Expect Delays, is plain and simple, a really fantastic example of a great indie pop album. This becomes apparent pretty quickly for many reasons. Throughout the album, Evans The Death slings a series of catchy melodies to allure you, paired with some really powerful and heartfelt singing from Katherine Whitaker. The combination is beautiful.
Evans The Death demonstrates their magic well in the fifth track, “Bad Year.” The main melody is a bit jaunty. The guitars are cheerful and the bass seems to ring out with a smile. On the other hand, when Whitaker sings out a simple line in the chorus, “I’ve had a bad year,” it all really hits home. You almost want to look to the band and say, “Yeah, I bet you did.” Expect Delays comes with all the raw emotion you’d expect from indie pop, packaged in the same friendly melodies.
Evans The Death does a fantastic job pretending the year is somewhere around 1995; and that’s both really good and really shocking. If it weren’t for bands like Evans The Death, indie pop would disappear from existence pretty quickly. Indie pop has aged a bit and it isn’t often the fans get some massive hit of an album. It’s not like the majority of songs scream out, “Oh my god it is so 2015,” but when you hear the word ‘e-cigarette’ worked in, it stands out –and then it settles in. Indie pop really is on life support. Evans The Death is bringing it back. The band somehow manages to do everything right, without seeming like a gimmick. The execution is perfect. Expect Delays is a perfect throwback to the 90’s twee world. It has all the right emotional expression and jangly melodies.
Without getting too ahead of ourselves, let’s admit the fault too. Expect Delays has a serious habit of sounding bipolar. The album really feels a bit inconsistent and even messy at times. For instance, the second track, “Terrified,” is hefty, almost spacey. The bass line comes off strong, the guitar comes off like a wild jam at times. Truthfully this isn’t a high point of the album, the song feels just plain noisy, but it’s still acceptable. Then, suddenly, the third track changes things up completely. “Sledgehammer,” is much more digestible.
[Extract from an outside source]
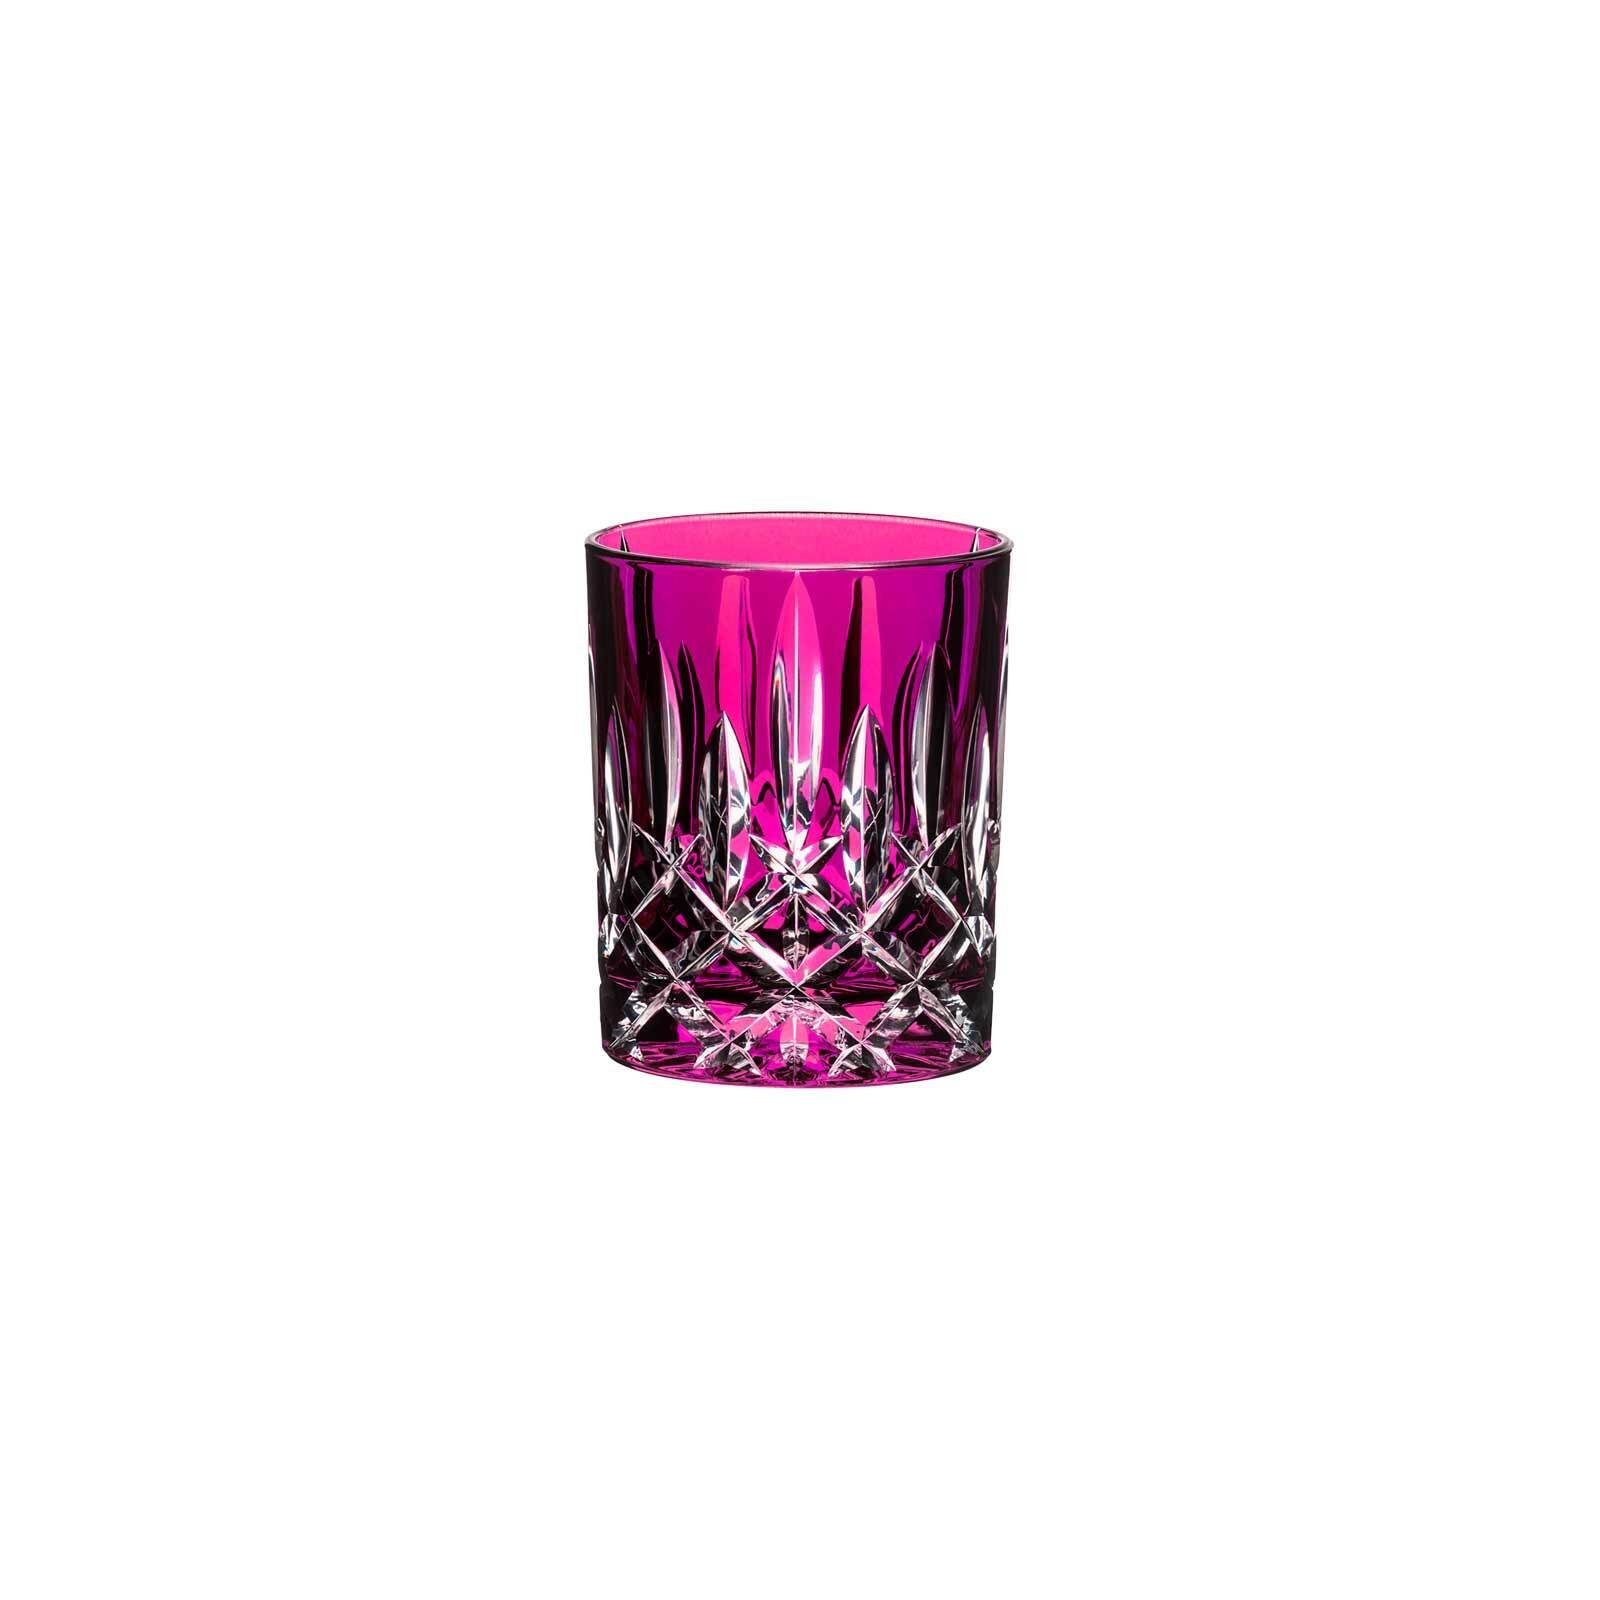 RIEDEL Glas Whiskyglas Laudon Whiskyglas 295 ml, Glas Pink | Whiskygläser

The melodies are cheerful, there isn’t a million layers of texture but rather a well composed mix. The song actually does a great job standing out as one of the more fun tunes. Observe the difference –the transition between these tracks is probably the most extreme, but this is common place across Expect Delays. Not knowing what’s to come next, and having your otherwise swooning emotions being placed on this bumpy rollercoaster is a rough ride for certain.
Unfortunately, Expect Delays suffers the common syndrome of just plain lacking anything extremely memorable –a single song to stick with you, a ‘blockbuster’. This isn’t to say the album as a whole isn’t memorable or the songs aren’t great, things could just be more outstanding.
On the flip side, of the thirteen tracks, a few songs did stand out. The mostly acoustic tune, “Shanty comes to mind. With a nice neutral pace, the song works through a simple series of chords, mixed with supporting instrumental lines. The bass acts like a solid anchor and after you add the vocals? –the song just becomes really nice. The closing track, “Don’t Beat Yourself Up,” also comes to mind. The electric guitar lays the groundwork while the vocals sell it all. The entire thing is like a defeated pep talk. You can tell the musicians behind Evans The Death had to deal with some hell to make a song like this; yet to hear the words, “Give yourself a chance,” being sung is just a pleasant way to end things.
Twee, indie pop, a bunch of cute kids playing cute songs –no matter what you want to call it, seems like the genre was dead. Evans The Death proves with their new album, Expect Delays, that indie is far from dead. Solid execution, genuine feeling, and some of the smoothest melodies make Expect Delays too good. We started out by saying anything that passes through Slumberland deserves a warm welcome. After Expect Delays, it’s probably safe to say that anything Evans The Death produces also deserves that very warm welcome.